■ Task description
Below is a listing; print exactly its lines from the one containing "AF-S DX Micro NIKKOR 40mm f/ 2.8G" down to the one containing "Neue Justiz (NJ), Zeitschrift", both inclusive, with every picture left out.

■ Excerpted records
^^^^

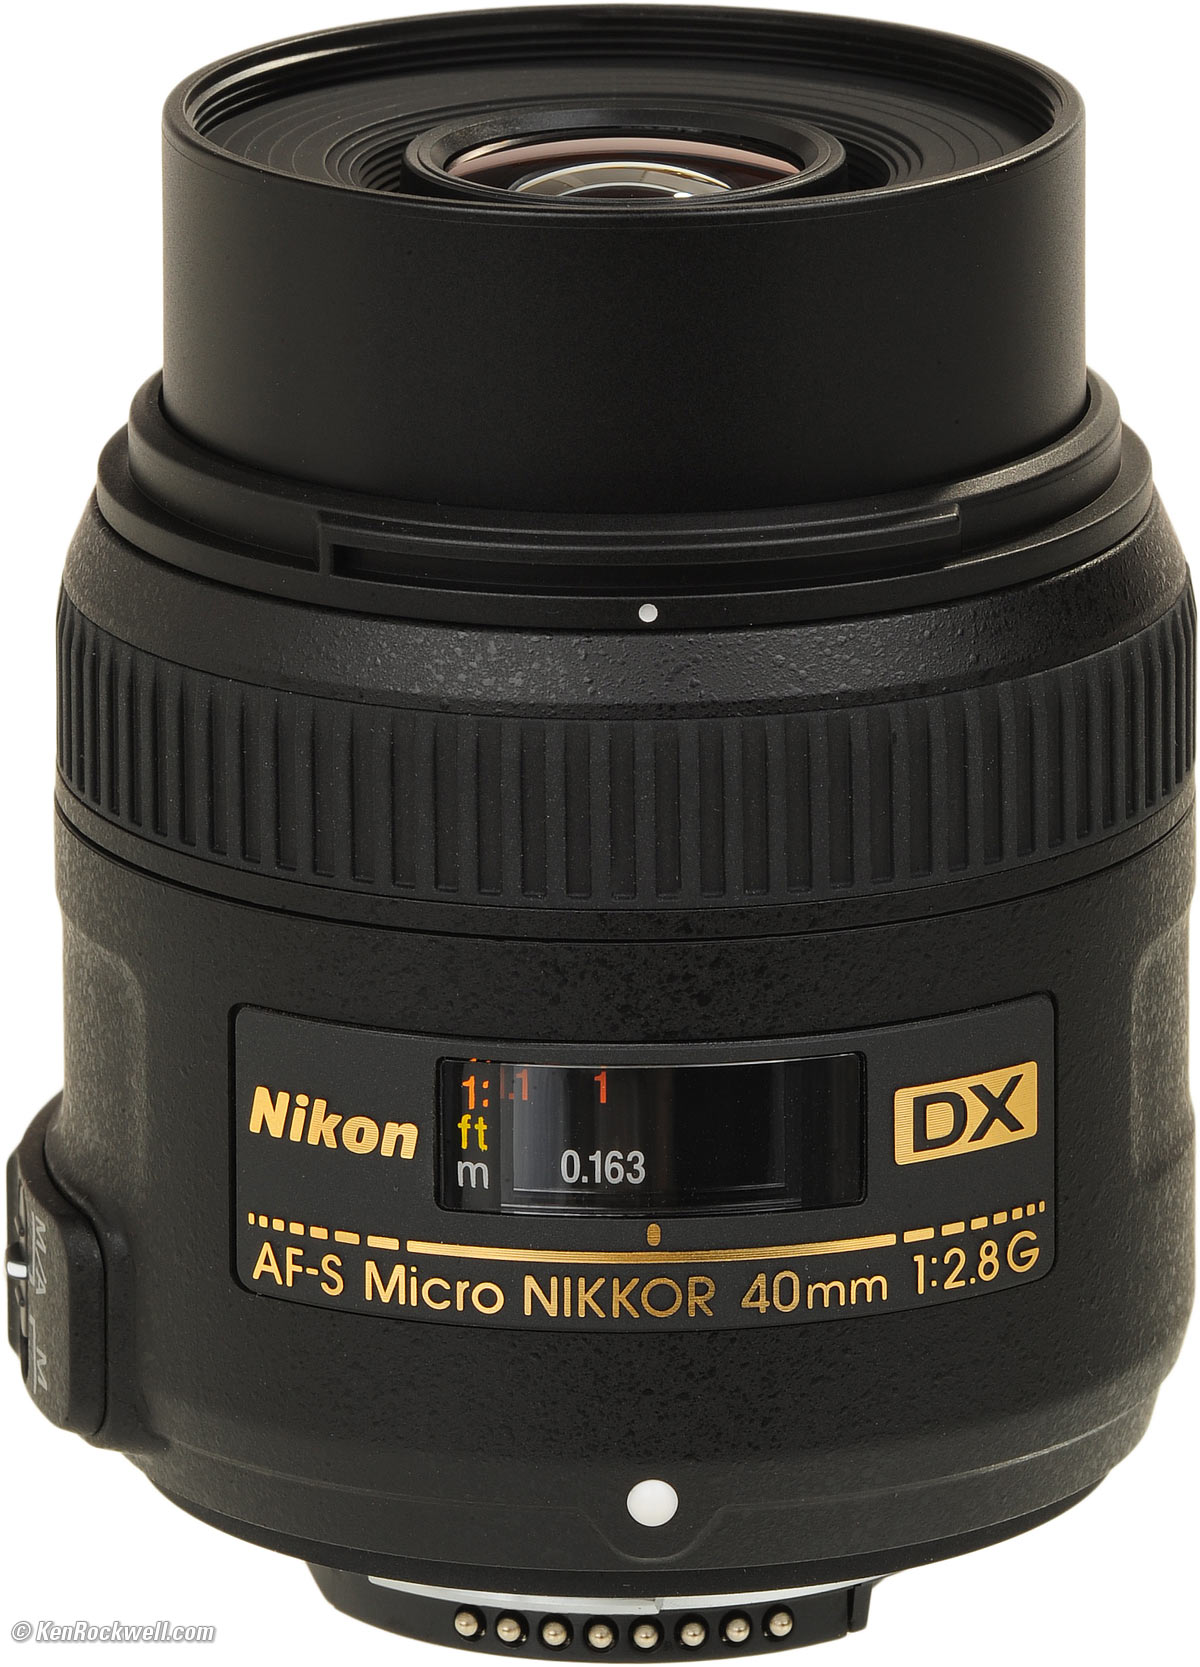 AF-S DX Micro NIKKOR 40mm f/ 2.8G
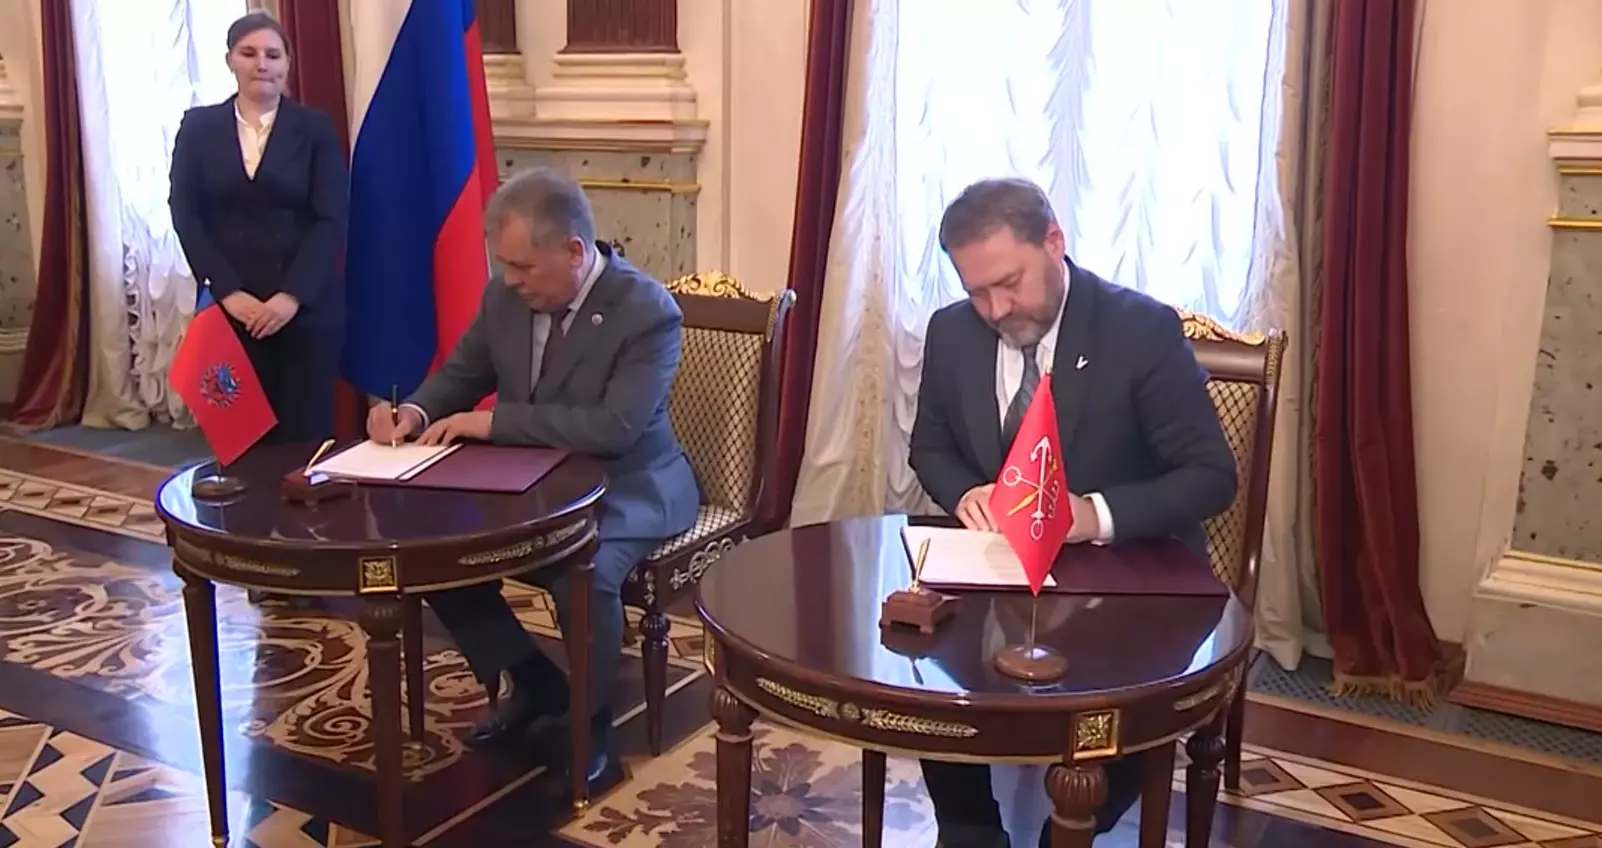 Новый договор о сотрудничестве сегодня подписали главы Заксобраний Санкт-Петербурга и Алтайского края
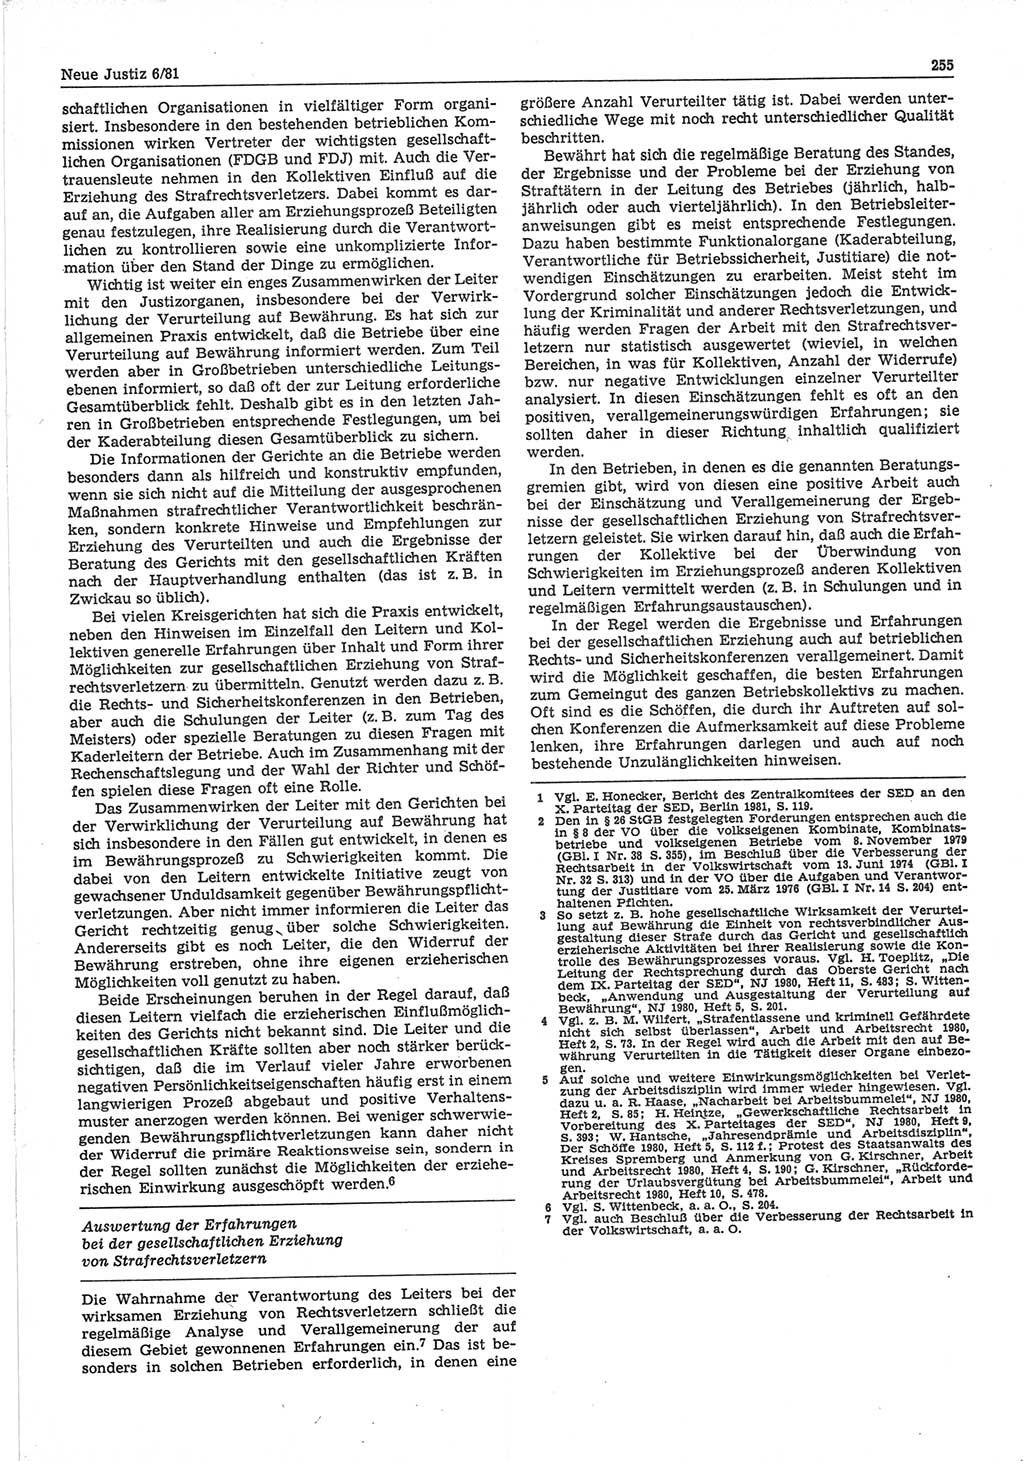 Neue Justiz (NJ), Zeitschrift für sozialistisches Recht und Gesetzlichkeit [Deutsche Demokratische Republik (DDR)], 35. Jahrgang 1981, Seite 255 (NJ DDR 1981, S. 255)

^^^^

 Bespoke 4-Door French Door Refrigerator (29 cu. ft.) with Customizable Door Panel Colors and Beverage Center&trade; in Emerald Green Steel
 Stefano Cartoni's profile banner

^^^^

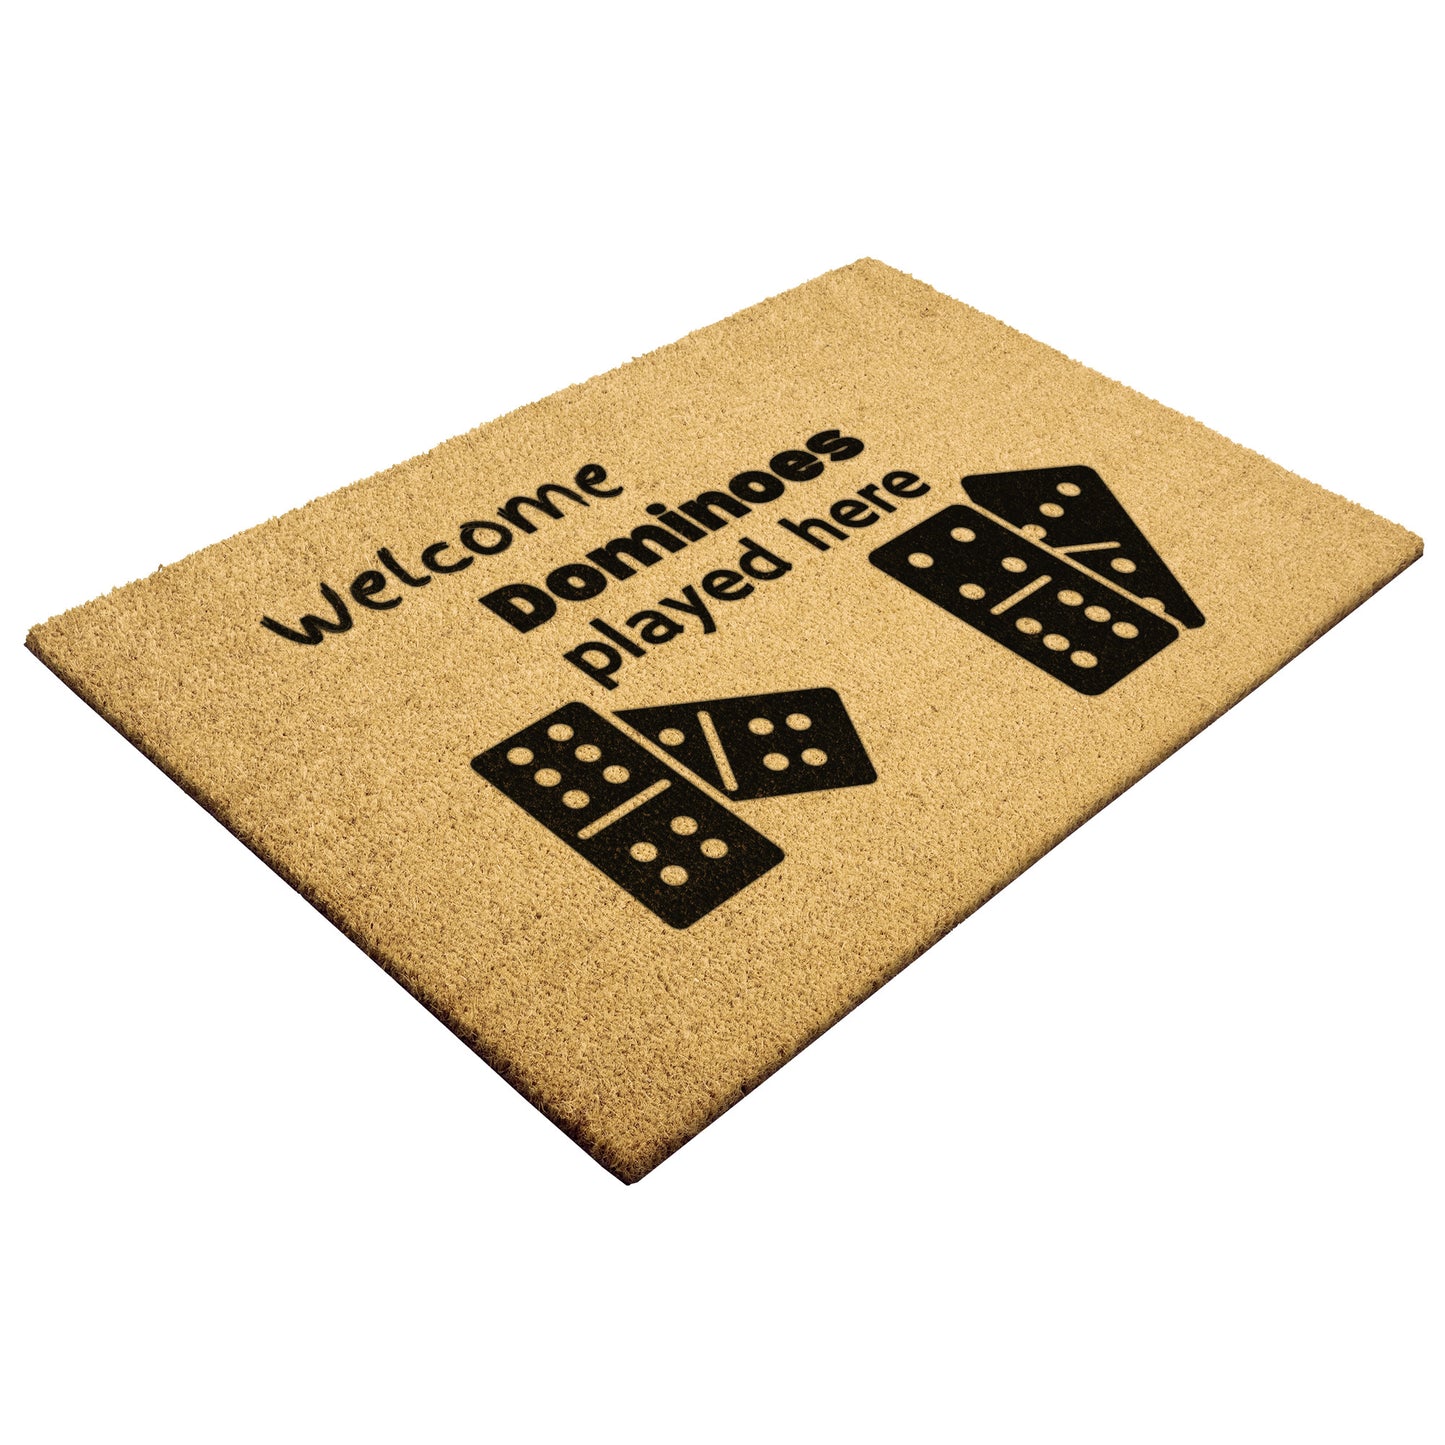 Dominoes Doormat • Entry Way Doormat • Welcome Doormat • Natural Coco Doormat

^^^^

■ Reply to the task
 AF-S DX Micro NIKKOR 40mm f/ 2.8G
 Новый договор о сотрудничестве сегодня подписали главы Заксобраний Санкт-Петербурга и Алтайского края
 Neue Justiz (NJ), Zeitschrift für sozialistisches Recht und Gesetzlichkeit [Deutsche Demokratische Republik (DDR)], 35. Jahrgang 1981, Seite 255 (NJ DDR 1981, S. 255)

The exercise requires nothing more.